The complementary use of both household level and remote sensing data has been proved useful in previous studies (Fox et al. 2002; Overmars and Verburg 2005; Rindfuss et al. 2003, 2008). Rindfuss et al. (2003) and Pan et al. (2004) have used methods that actually integrate remote sensing data and household surveys by delineating the property areas of sampled households within the spatial data. Such a linkage allows a relatively straightforward and consistent integration of the different data types. However, this method needs intensive fieldwork in delineating the property boundaries and is, therefore, only feasible for small regions or in cases with adequate cadastral information. Overmars and Verburg (2005) have, similar to this study, compared the results of analysis at household level with an analysis of spatial data and interpreted the results to achieve a complementary understanding of the region.

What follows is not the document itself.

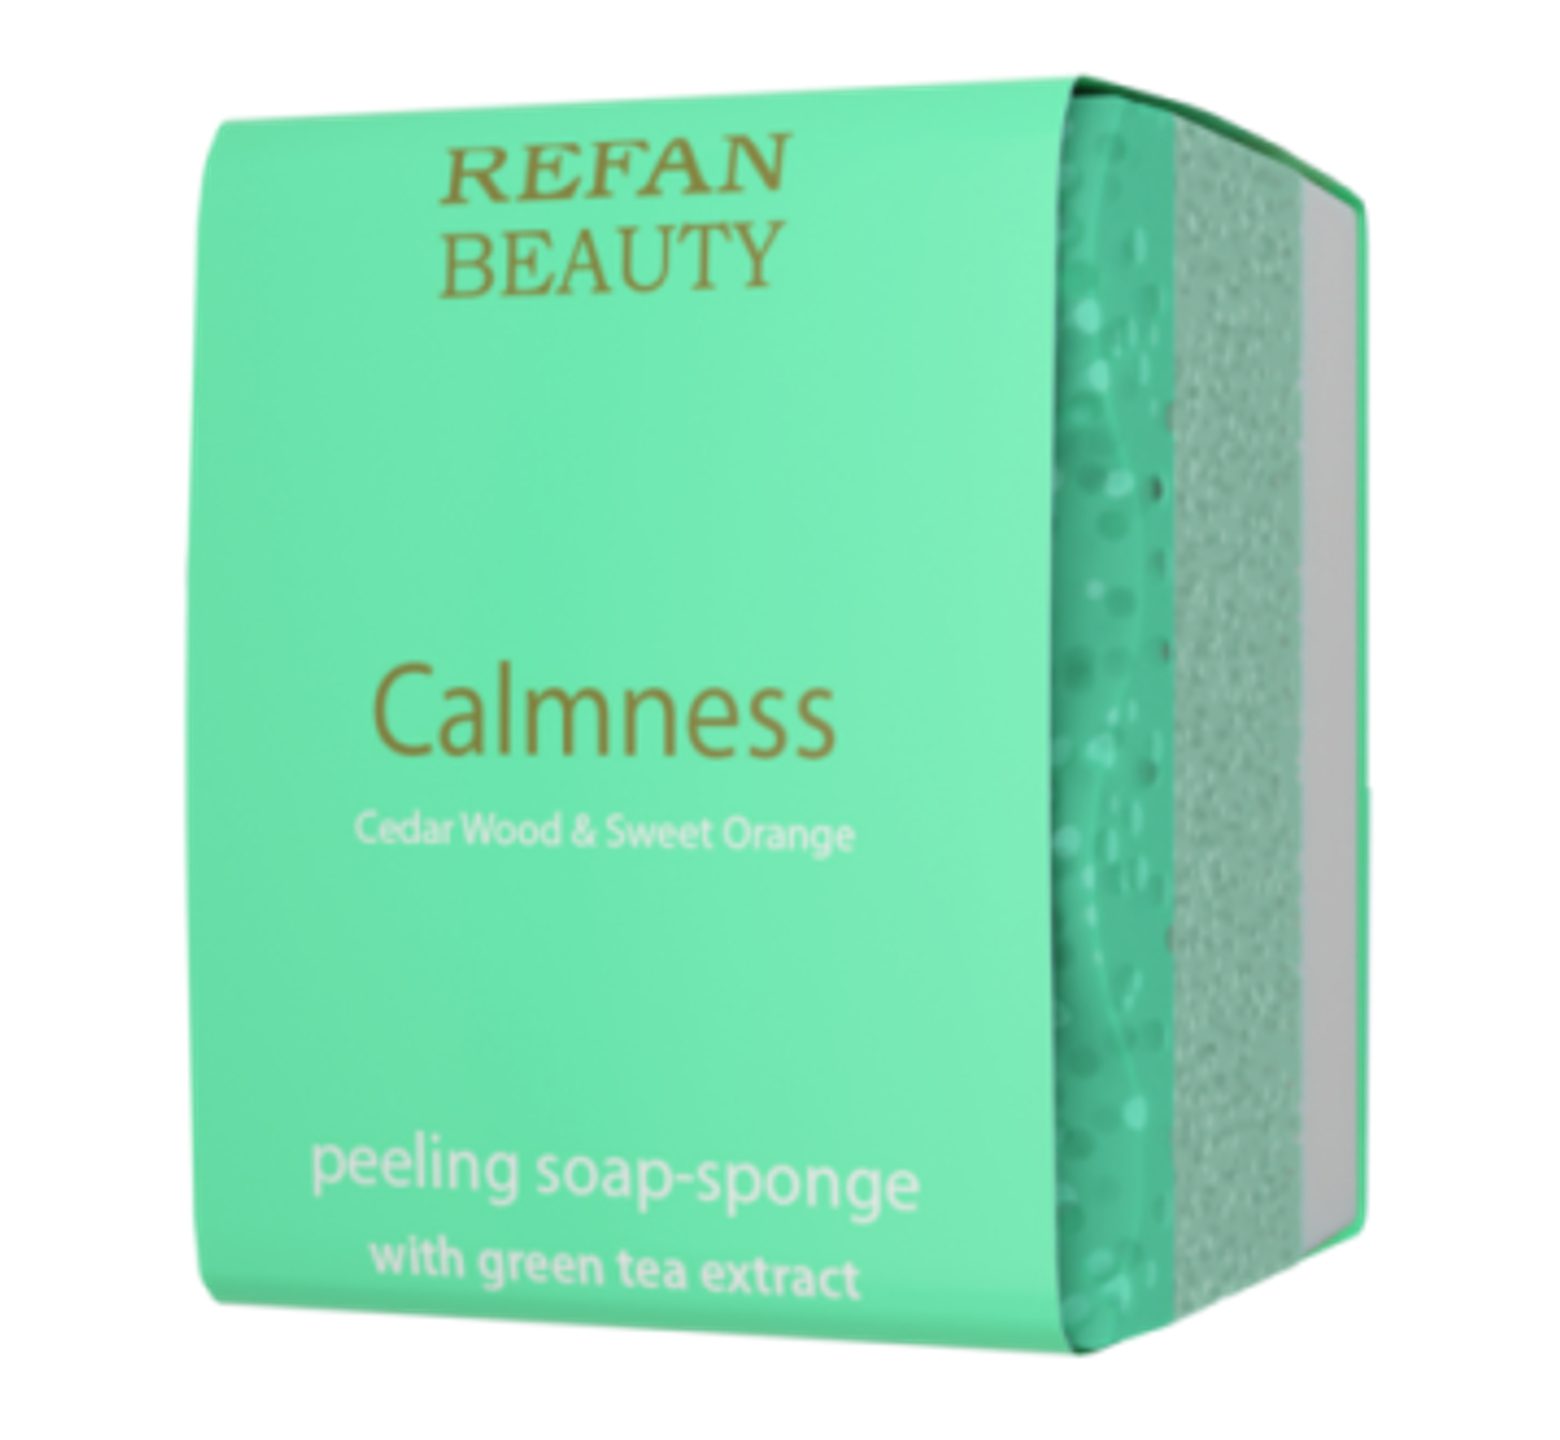 Refan σαπούνι scrub απολέπισης calmness με άρωμα κέδρου, φρέσκων εσπεριδοειδών και μπαχαρικών. Περιέχει εκχύλισμα πράσινου τσαγιού με δροσιστική και αντιοξειδωτική δράση
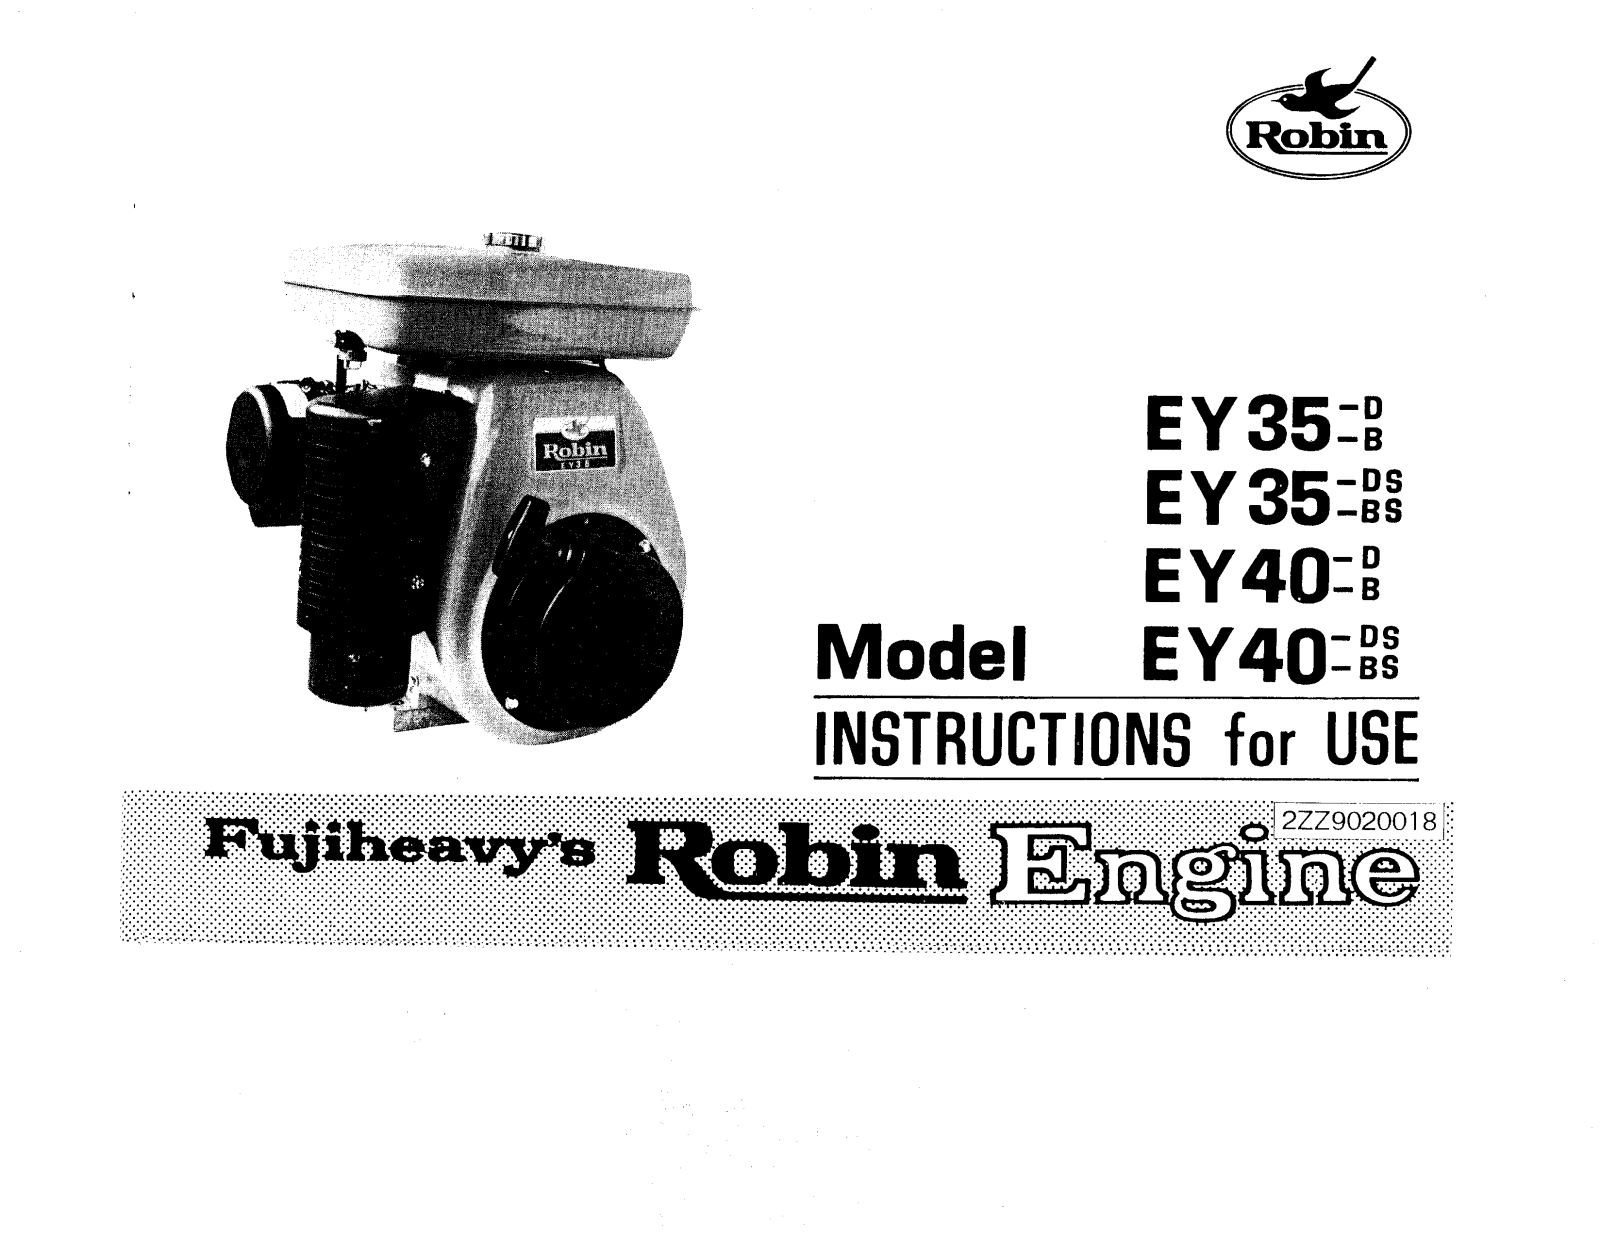 Robin EY40-D, EY40-DS, EY40-B, EY35-D, EY35-BS User Manual

This study has also indicated that in relatively large regions insights into land cover change and regional determinants of deforestation processes can be improved when the analysis is based on both spatial data (based on remote sensing images) and household level data.

The analysis shows a significant contribution of both small scale and medium to large scale landholders to deforestation. It also shows the year of establishment together with accessibility, soil fertility and forest remnants as important determinants of patterns and allocation of deforestation. It should be noted that a large portion (38%) of the occupied area is allocated to agrarian projects. Thus, the conclusions could be only extended to specific areas in the Brazilian Amazon. The analysis also reinforces an ongoing discussion of the urgent need of public policies to tackle the different land use trajectories of small and big landholders in current issues as biodiversity maintenance, forest recovery, carbon credits and biofuel initiatives. Such policies must consider not only biophysical and accessibility constraints, but also the land use history that includes land tenure issues.